9. Worse: By the time all 90 minutes of Nature Boy rolls by, it’s clear that there really is no difference between the in-ring character and the man. It’s not that the tears aren’t sincere: It’s that at every point in the interviews with Flair — even the most emotional, vulnerable points — it feels like Ric Flair is selling. It’s genuine, but it’s the kind of genuine you get from someone with an overpracticed, stage-ready genuine. At the end Nature Boy has Flair holding his daughter’s hand up in triumph in the ring after Charlotte wins her first WWE title. The scene is heartrending: He’s clearly a proud father, but also Ric Flair basking in the role of being Ric Flair in the spotlight.

10. The most moving scene in the documentary, appropriately enough, involves his other family: Wrestlers. More specifically, it involves a wrestler, Shawn Michaels, chosen to retire Flair in a Career-Threatening Match at Wrestlemania XXIV. Present-day Michaels is interviewed for the segment. He sounds little like his in-ring persona, and openly mourns for what Flair had become: A wrestler who stayed too long, gave almost everything to the business, and let whatever was left leave with his alter ego. For Michaels, Ric Flair went from an idol to a warning.

Then Nature Boy lets the scene roll: The retirement match, after nearly 30 minutes of classic Flair struggle, ending with Flair eye-poking Michaels, nearly pulling off a pin out of nowhere, then taking a massive counter hit and staggering in the ring waiting to be finished. Michaels plays the role of remorseful finisher to the hilt, even pulling a move before it starts, too overcome to end a legend’s career.

Michaels then says “I’m sorry, I love you,” and ends the match with a pin, a post-match kiss on the forehead, and a grief-stricken retreat from the ring.

It’s not real, and it’s also as real as anything else in Nature Boy.

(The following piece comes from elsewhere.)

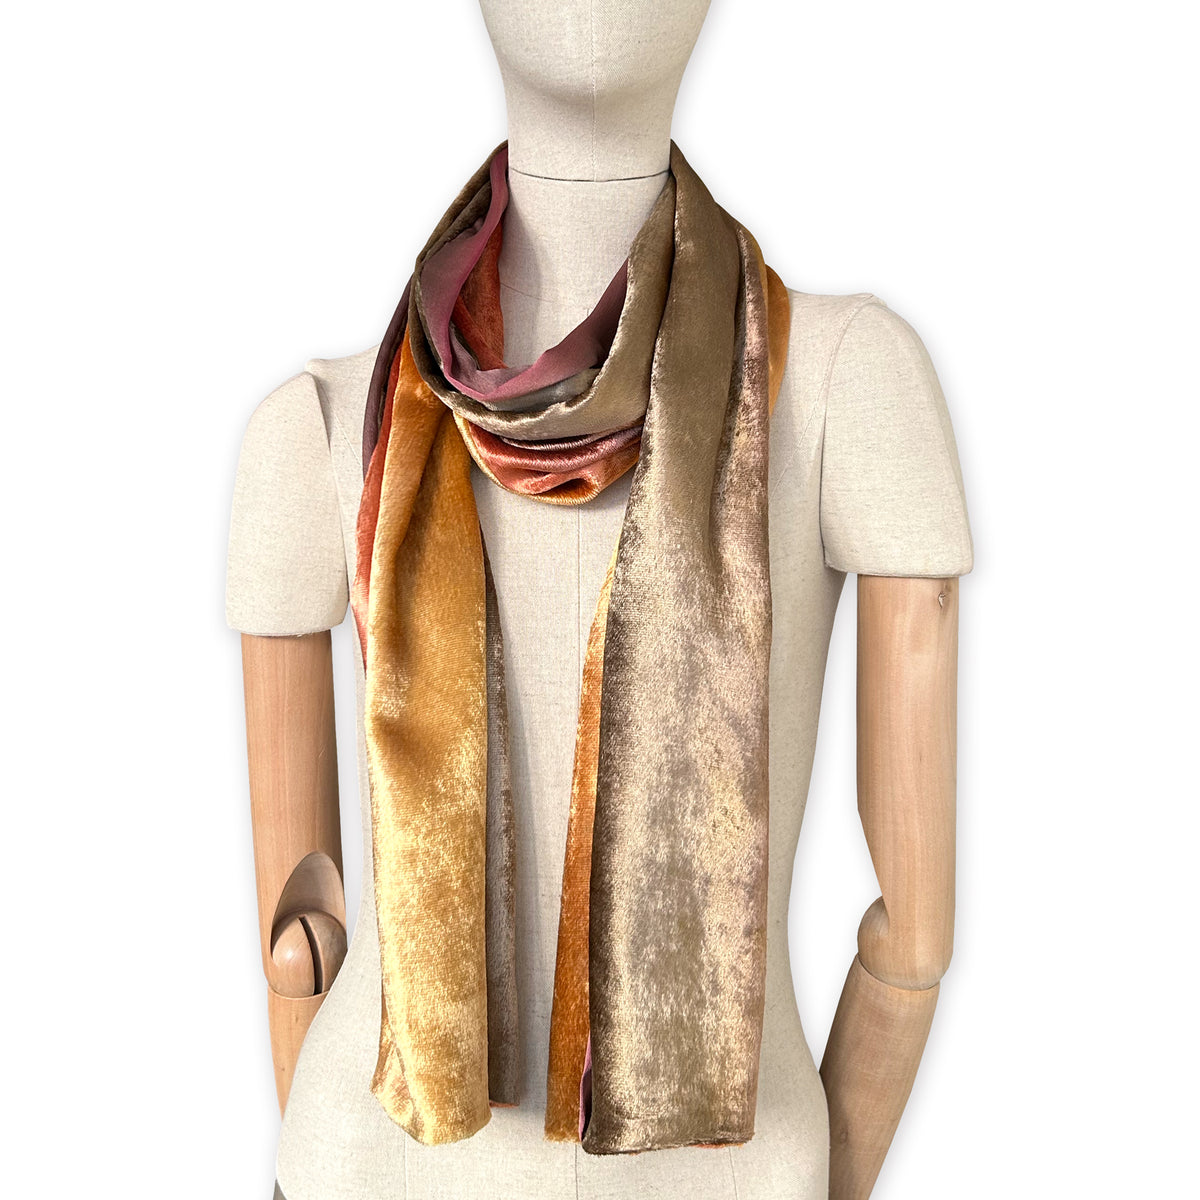 velvet-scarf-hand-painted-184x32cm-yellow-orange-red-brown-otta-italy-2345

11. That’s probably Ric Flair’s fault, too. With no separation between the ring and real life, Ric Flair in Nature Boy is never off duty. Everything is a sell, or a work. It’s bad enough when his ex-wife or his son says as much. It is much, much worse when the bulk of the evidence comes from the man himself through on-camera interviews. Flair happily admits to the excess of Ric Flair being completely real, but also shows no ability to introspect and consider why it all happened in the first place. Karpf tries gamely and repeatedly to get Flair to talk about his chilly relationship with his parents. He gets nothing. The overwhelming sense is not that he’s stonewalling, but that after years of embracing the act there might not be anything back there anymore.

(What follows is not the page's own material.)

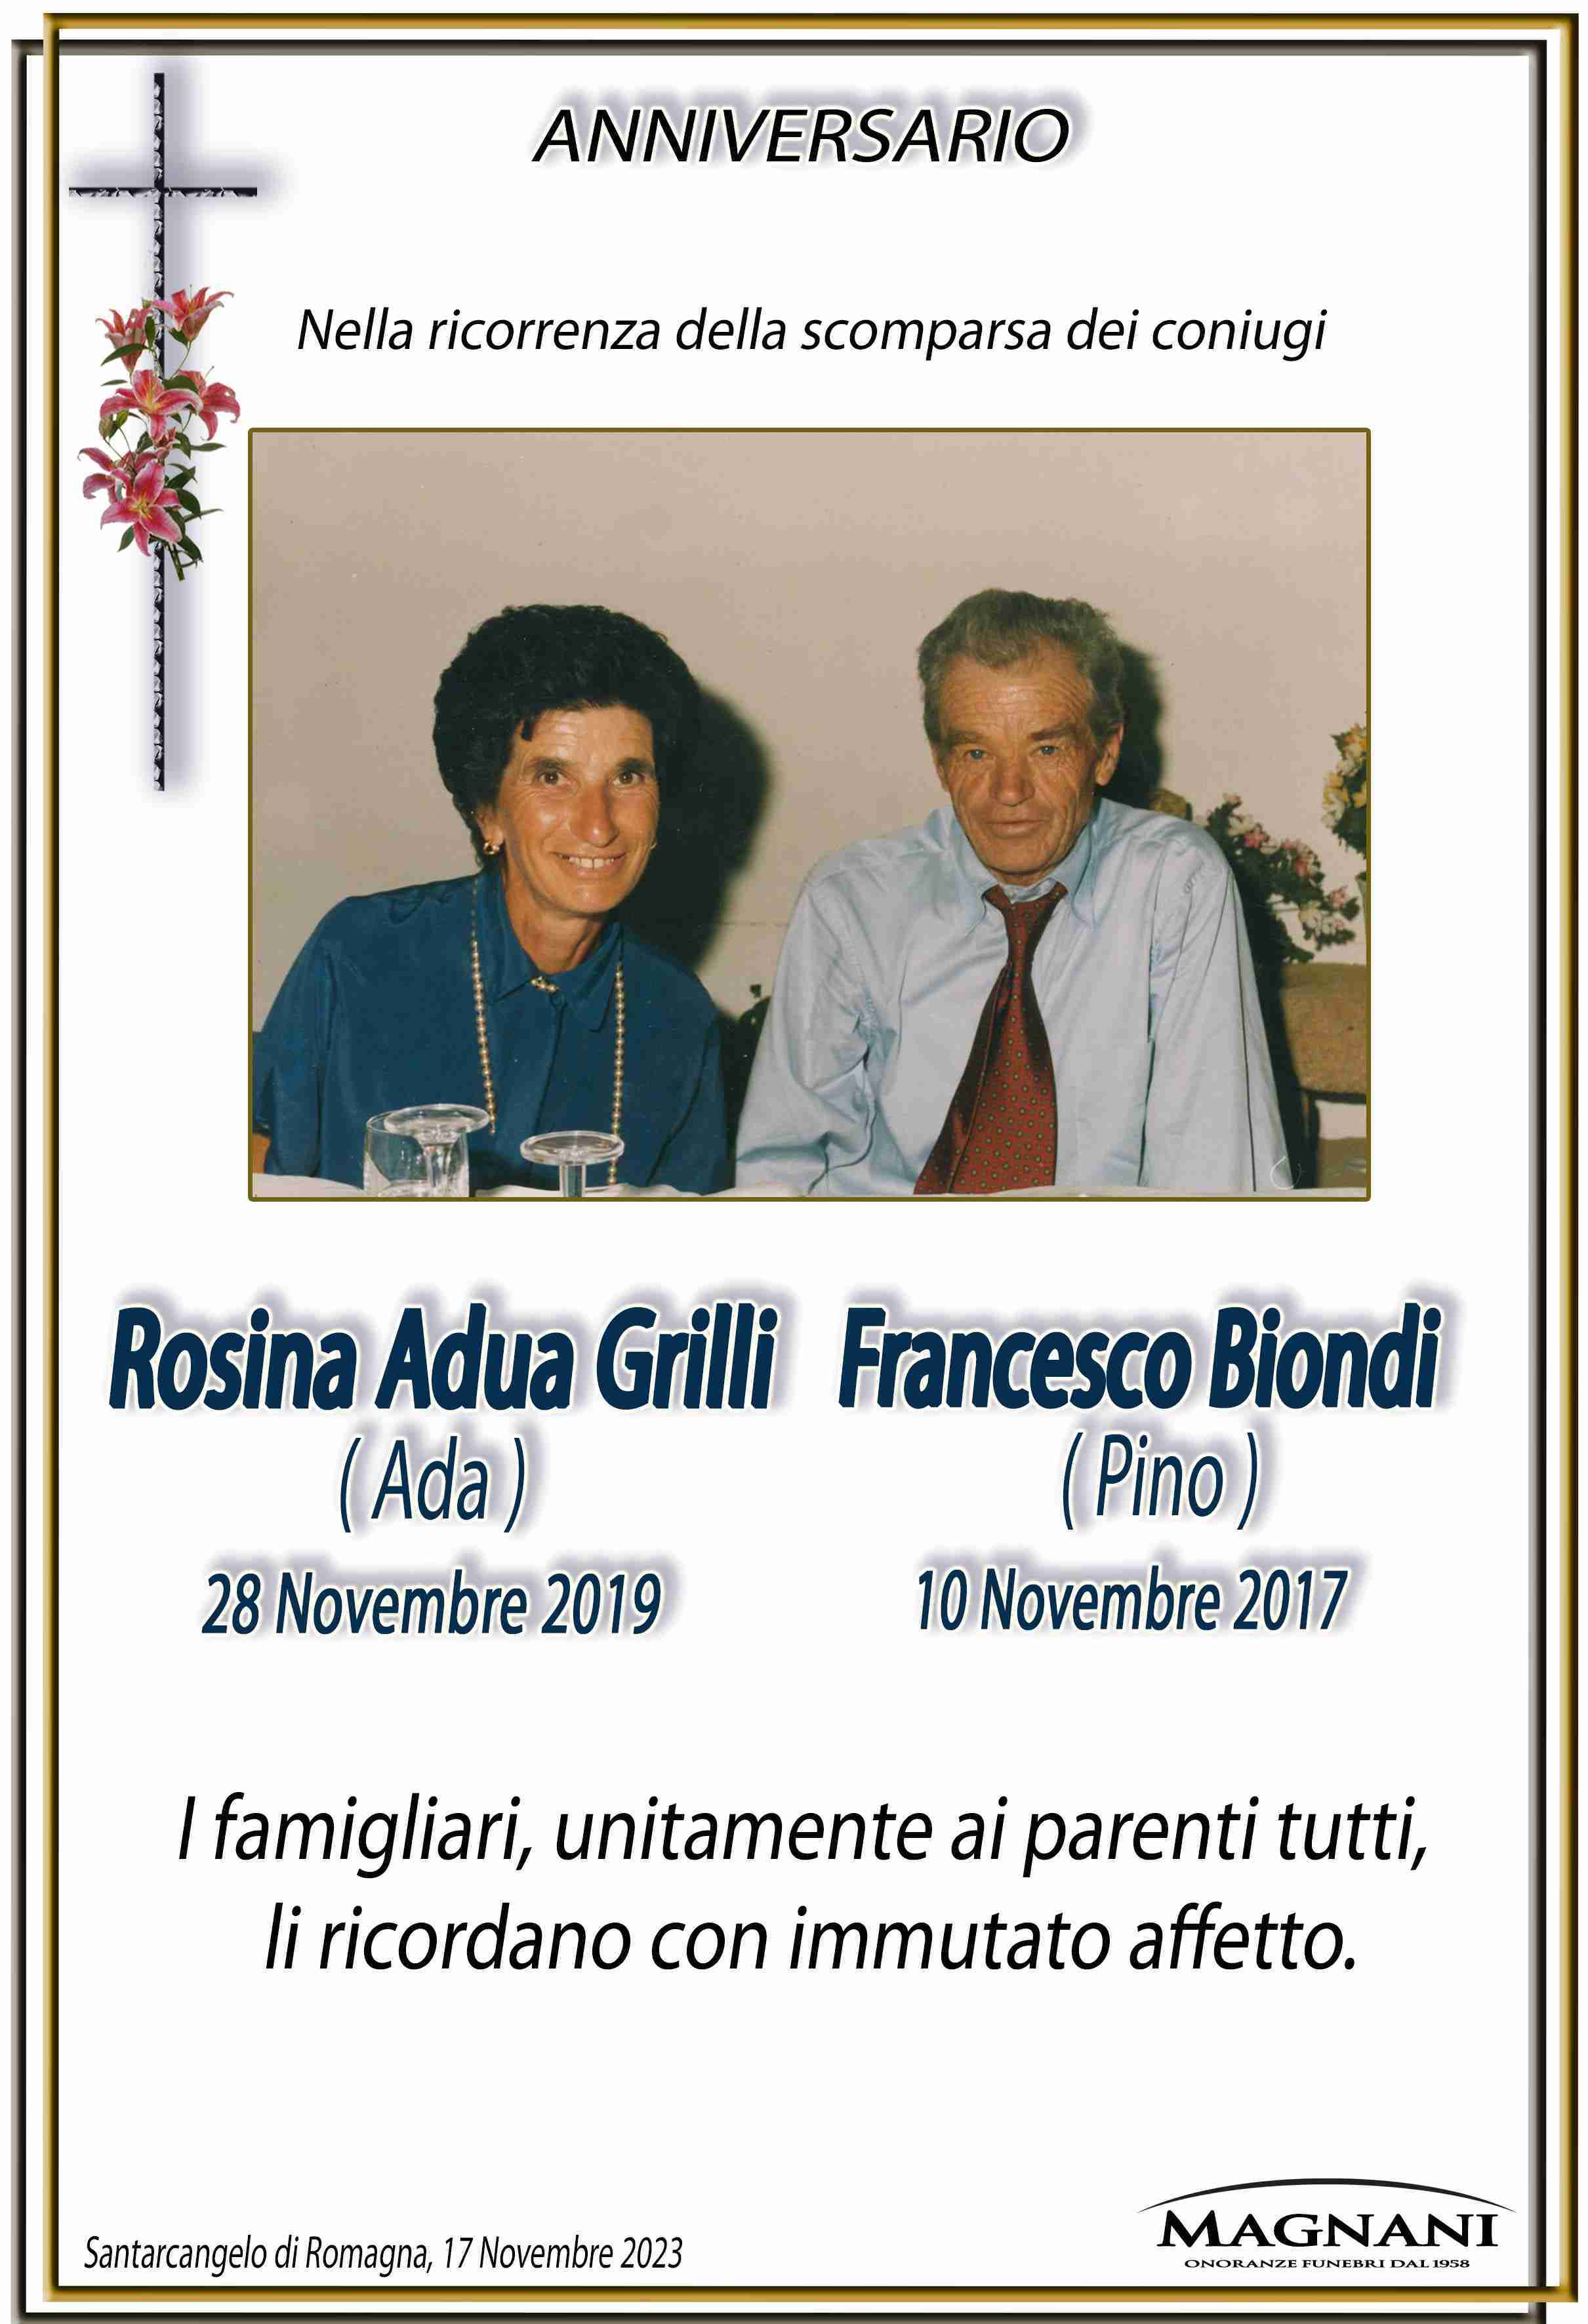 Rosina Adua Grilli e Francesco Biondi

13. This wasn’t in the movie, either. After the screening I attended in Atlanta there was a Q and A with Flair, where he talked about the aforementioned spaghetti incident, how he got drunk after a match in Philadelphia, went to dinner, screamed “I GOT ELEVEN OF THESE” at the table and threw his $30,000 Rolex watch into a plate of spaghetti. The next morning, he had to go through the trash trying to find it. This is also when he told us about the time lightning struck his umbrella while he was getting off a plane in Charlotte in 1983, bounced to the man behind him in line, and killed that man. He explained neither of these, and then offered to buy everyone drinks next door.

12. TL; DR: It would be very hard to write a wrestling version of Sunset Boulevard and not cast Ric Flair as Norma Desmond. Nature Boy’s biggest fault is being too short to encompass the extravagant, rhinestone-dotted plane crash that Ric Flair’s life evidently was and still is. But after 90 minutes you get the point: Ric Flair was ready for his closeup, and after 90 sometimes hilarious minutes of looking at it, the face looking back after a lifetime of hard-lived wheelin’, dealin’, and kiss-stealin’ can be a terrifyingly empty one.

13. In conclusion, say it with me in a sad, low Ric Flair voice after considering the impermanence of humanity’s greatness, and and the hollowness of fame writ large on a single man rendered incapable of taking care of the ones he loves through ego-driven self-deletion and alcoholism: Woooooooooo.